2006-11-14 07:39:51

by Pierre Ossman

[permalink] [raw]
Subject: device_del() and references

Hi Russell,

I'm trying to wrap my head around the dependencies in the MMC layer and
there are some gaps I am suspicious about. Since you've been looking at
this a lot longer than I have, I thought you could have some valuable
insight.

When a card driver has obtained a reference to a card, what makes sure
we do not destroy that card from under its feet? The reference count on
the device structure in the card only makes sure the structure itself is
in memory, not that the data is valid. E.g. the host might be removed
leaving the host pointer invalid.

I suspect that device_del() doesn't return until remove() has been
called and that our requirement is that the card driver must have
released all references to the card before its remove routine exits.

If so, then there is the risk of a race in mmc_block. What guarantees
that the request handler isn't running in parallel with the remove
function?
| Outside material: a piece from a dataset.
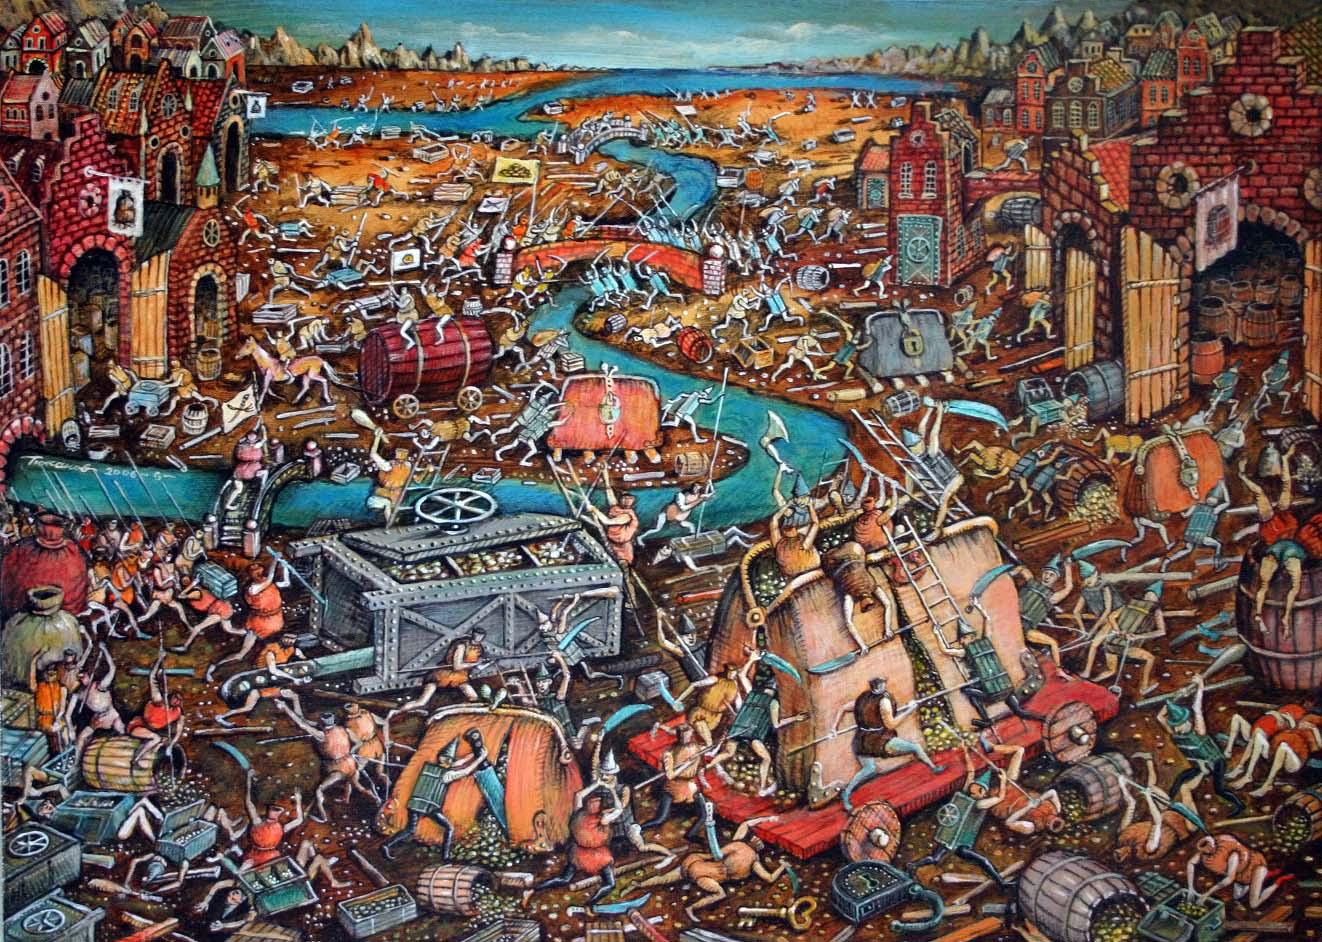 Sergey Tyukanov - Battle Of Money Sacks And Safes, 2006
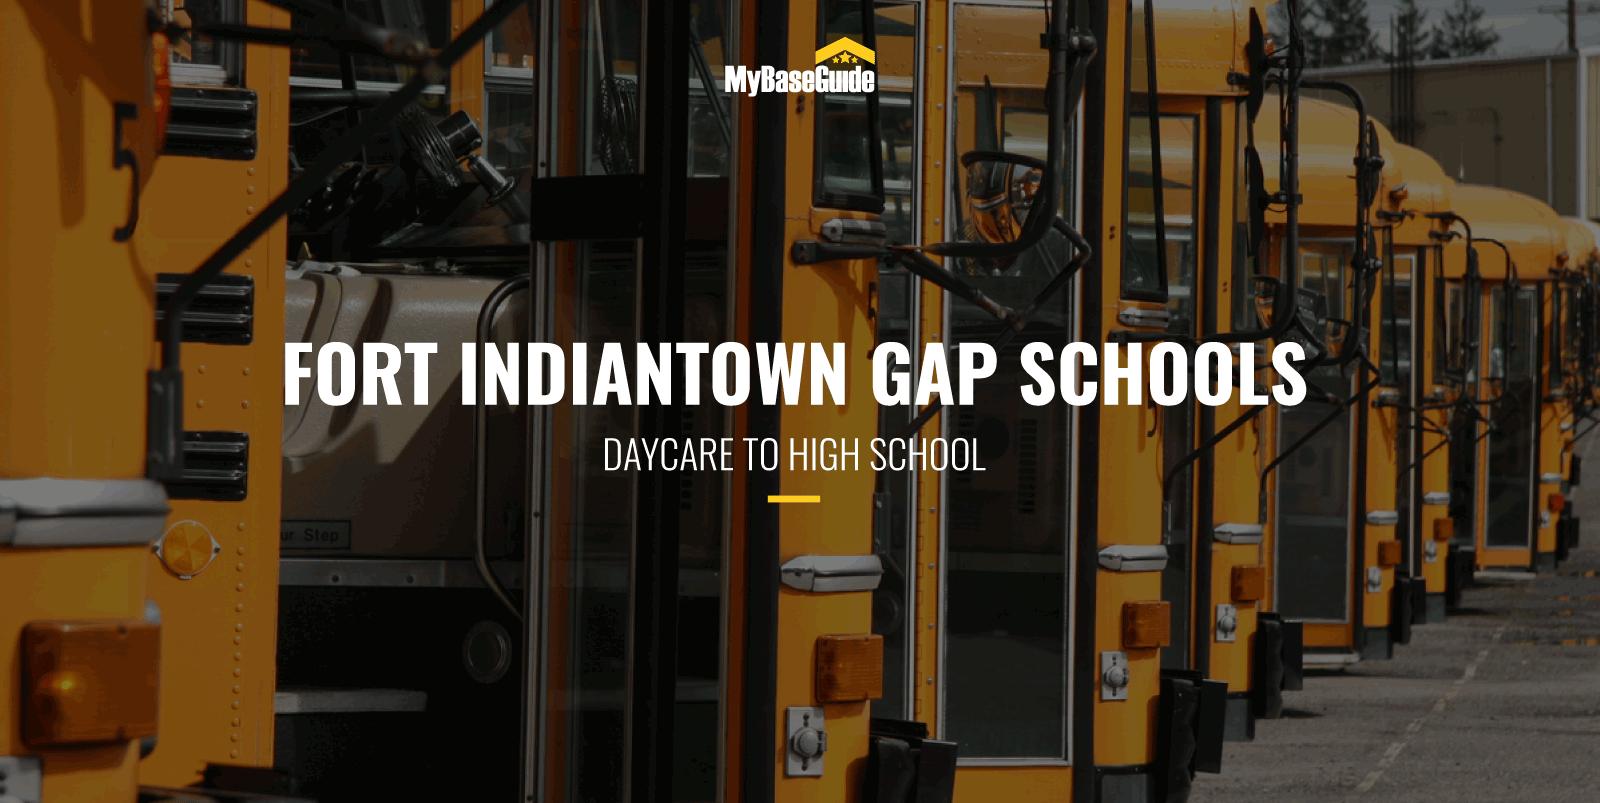 Fort Indiantown Gap Schools: Daycare - High School

Again, I suspect that del_gendisk() might grab the queue lock,
but as there might be stuff left in the queue, this seems insufficient.

Perhaps there is a is_gendisk_valid() we can stick at the top of the
request handler?

Rgds
--
-- Pierre Ossman

Linux kernel, MMC maintainer http://www.kernel.org
PulseAudio, core developer http://pulseaudio.org
rdesktop, core developer http://www.rdesktop.org


2006-11-14 11:24:16

by Russell King

[permalink] [raw]
Subject: Re: device_del() and references

On Tue, Nov 14, 2006 at 08:40:00AM +0100, Pierre Ossman wrote:
> When a card driver has obtained a reference to a card, what makes sure
> we do not destroy that card from under its feet?

Essentially, the driver model. (see the answer to your paragraph below.)

> I suspect that device_del() doesn't return until remove() has been
> called and that our requirement is that the card driver must have
> released all references to the card before its remove routine exits.

Your sentence is confusing - which "remove()" are you talking about
here? If you're talking about mmc_blk_remove() then that's correct.

> If so, then there is the risk of a race in mmc_block. What guarantees
> that the request handler isn't running in parallel with the remove
> function? Again, I suspect that del_gendisk() might grab the queue lock,
> but as there might be stuff left in the queue, this seems insufficient.

Hmm, not sure here. I think you might be right, but the block layer is
*extremely* finaky when it comes to removing stuff.

In short, I don't know - I've forgotten quite a bit about the low level
block interface with MMC since it's something I did once and only once.

Maybe Jens has some ideas?

--
Russell King
Linux kernel 2.6 ARM Linux - http://www.arm.linux.org.uk/
maintainer of: 2.6 Serial core